I have a function $u \in L^2(0,T;H^1_0)$ with $u' \in L^2(0,T;H^{-1})$, all on some smooth bounded domain $\Omega$.
In addition I have a sequence $u_n$ such that $u_n \to u$ in $L^2(0,T;H^1_0)$ and also the quantity $$\int_0^T \int_{\Omega} |u_n'(t)|^2\varphi(t) \leq C$$ for $C$ independent of $n$, where $\varphi$ is smooth and vanishes at $t=0$, i.e it has compact support near zero, and is non-negative and bounded by one. But otherwise $\varphi$ is arbitrary apart from these conditions.

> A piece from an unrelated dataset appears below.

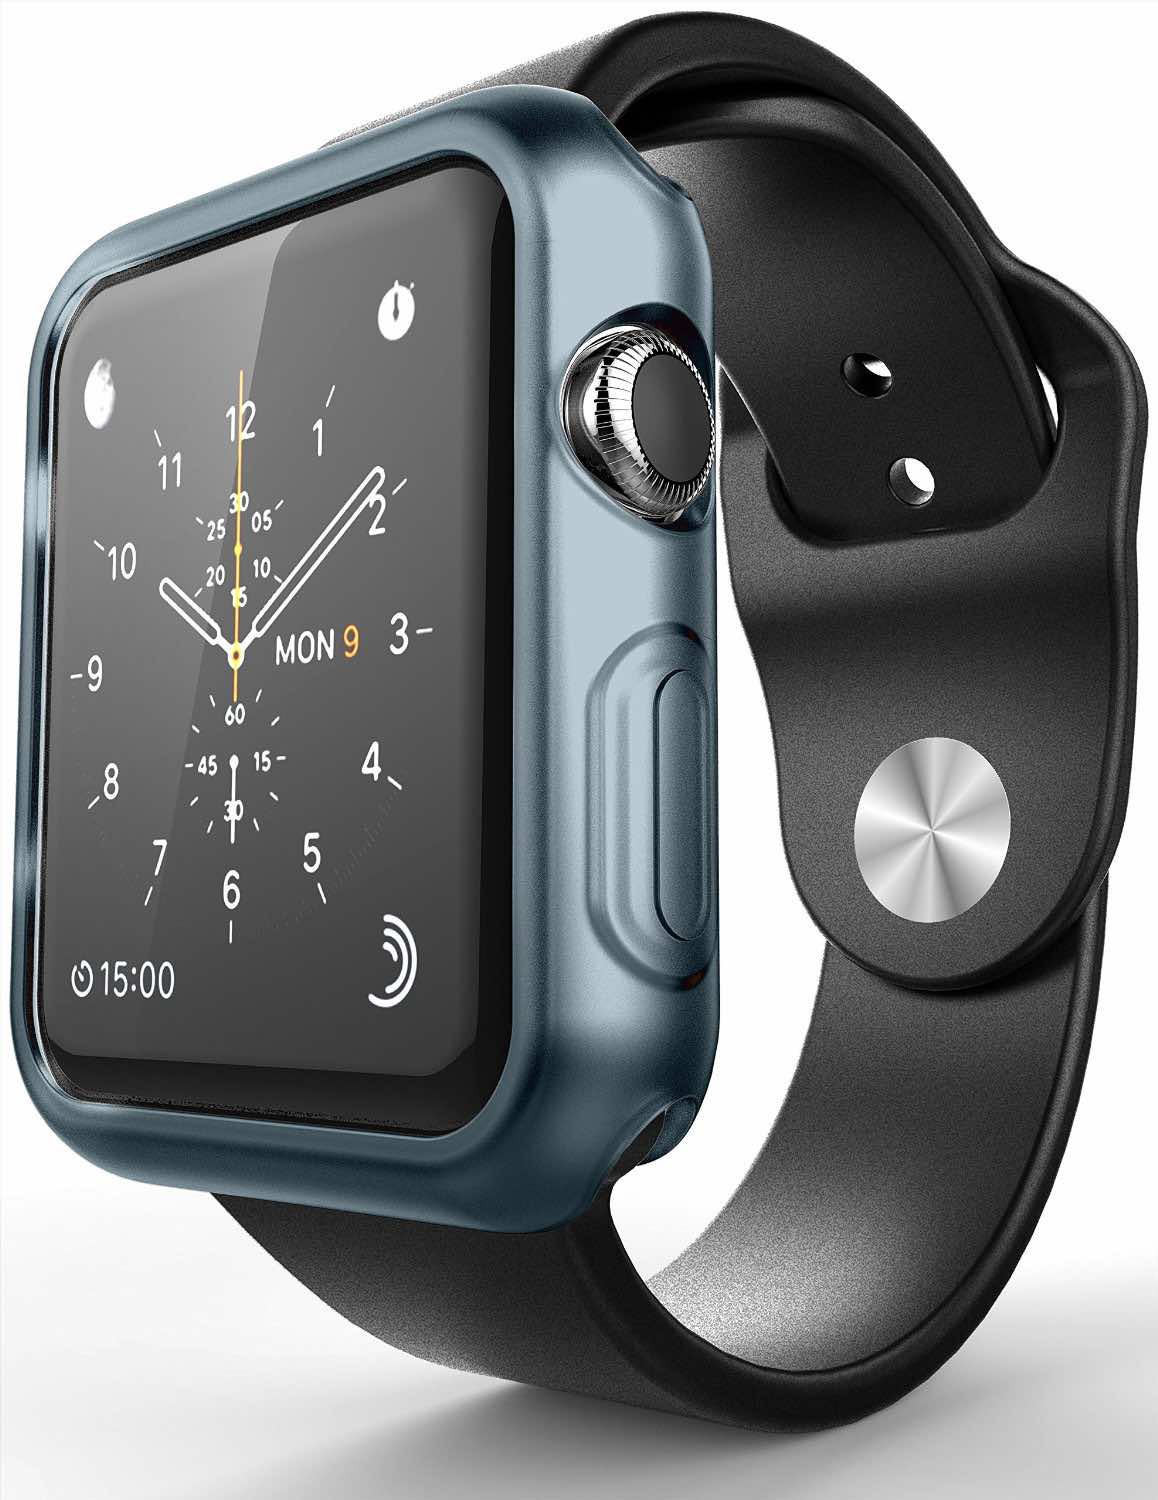 Best Apple Watch Cases 8 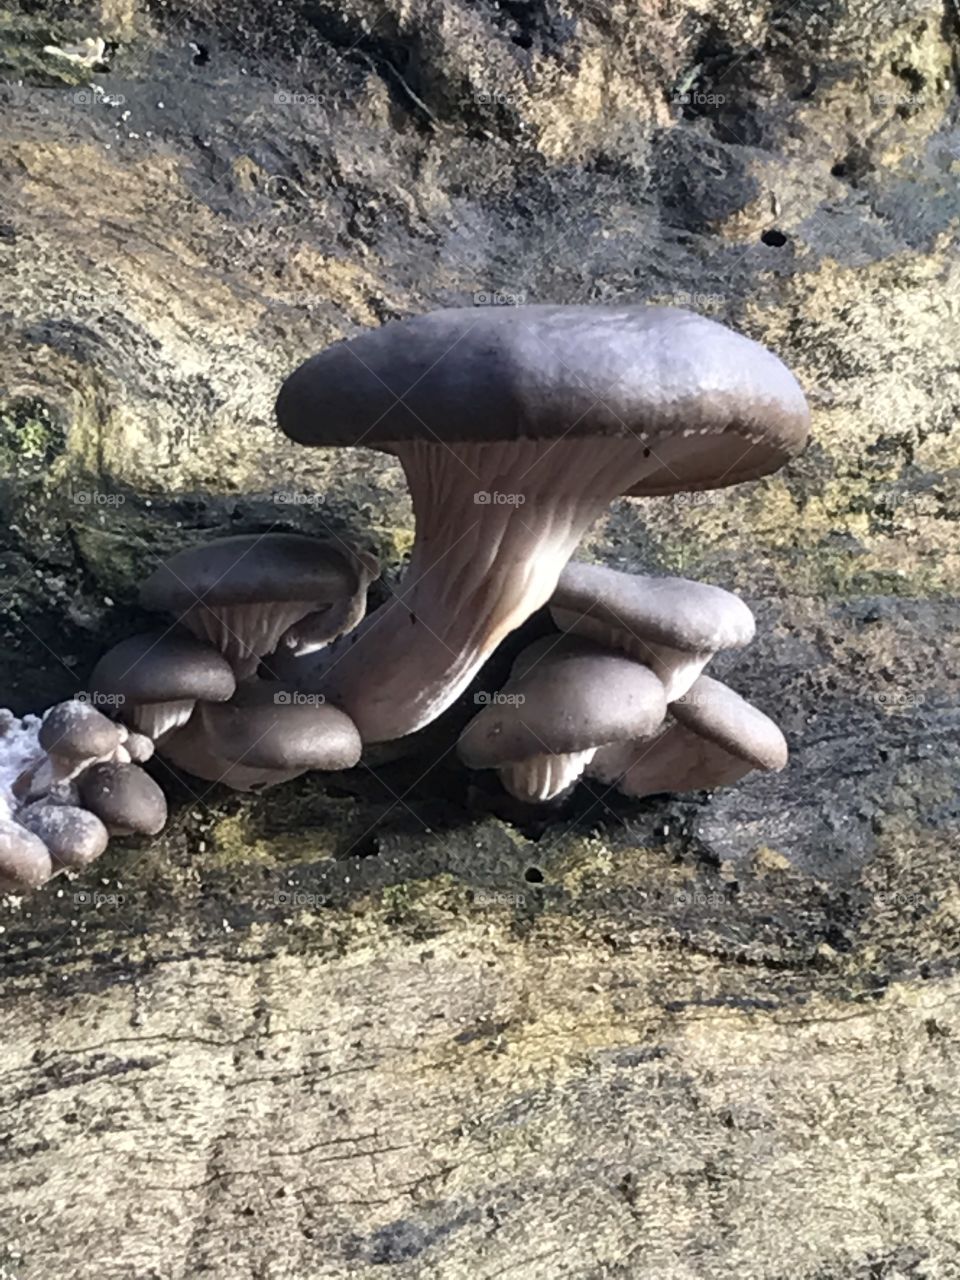 Fungi

- From this can we deduce $u' \in L^2(\epsilon, T; L^2(\Omega))$?
- Does it follow that $u' \in L^2(0,T;L^2(\Omega))$?
I have often seen this argument given for a time interval $(0,\infty)$ and in that case the function $\varphi$ is compactly supported near infinity too, and the resulting $u' \in L^2_{loc}(0,\infty,L^2(\Omega))$, but I wonder if we can remove the loc in my specal case.
If the inequality holds in this way: there is $C>0$ such that for all $\phi\in C_0^\infty(0,+\infty)$ with $0\le \phi\le 1$ and all $n$ it holds $$ \int_0^T \int_\Omega |u_n'(t)|^2 \phi(t) dt \le C $$ then $(u_n')$ is uniformly bounded in $L^2(0,T;L^2(\Omega))$, hence $u'$ exists and belongs to that space as well.
To see, this consider smooth approximation $\phi_\epsilon\in C_0^\infty(\Omega)$ of the characteristic function of $[0,T]$: e.g set $\phi_\epsilon = \rho_\epsilon \ast \chi_{[\epsilon,T-\epsilon]}$ with the standard mollifier. Then $0\le\phi_\epsilon\le 1$, and you can pass to the limit $\epsilon\searrow0$ in $$ \int_0^T \int_\Omega |u_n'(t)|^2 \phi_\epsilon(t) dt \le C $$ by Lebesgue dominated convergence theorem, which yields the claim.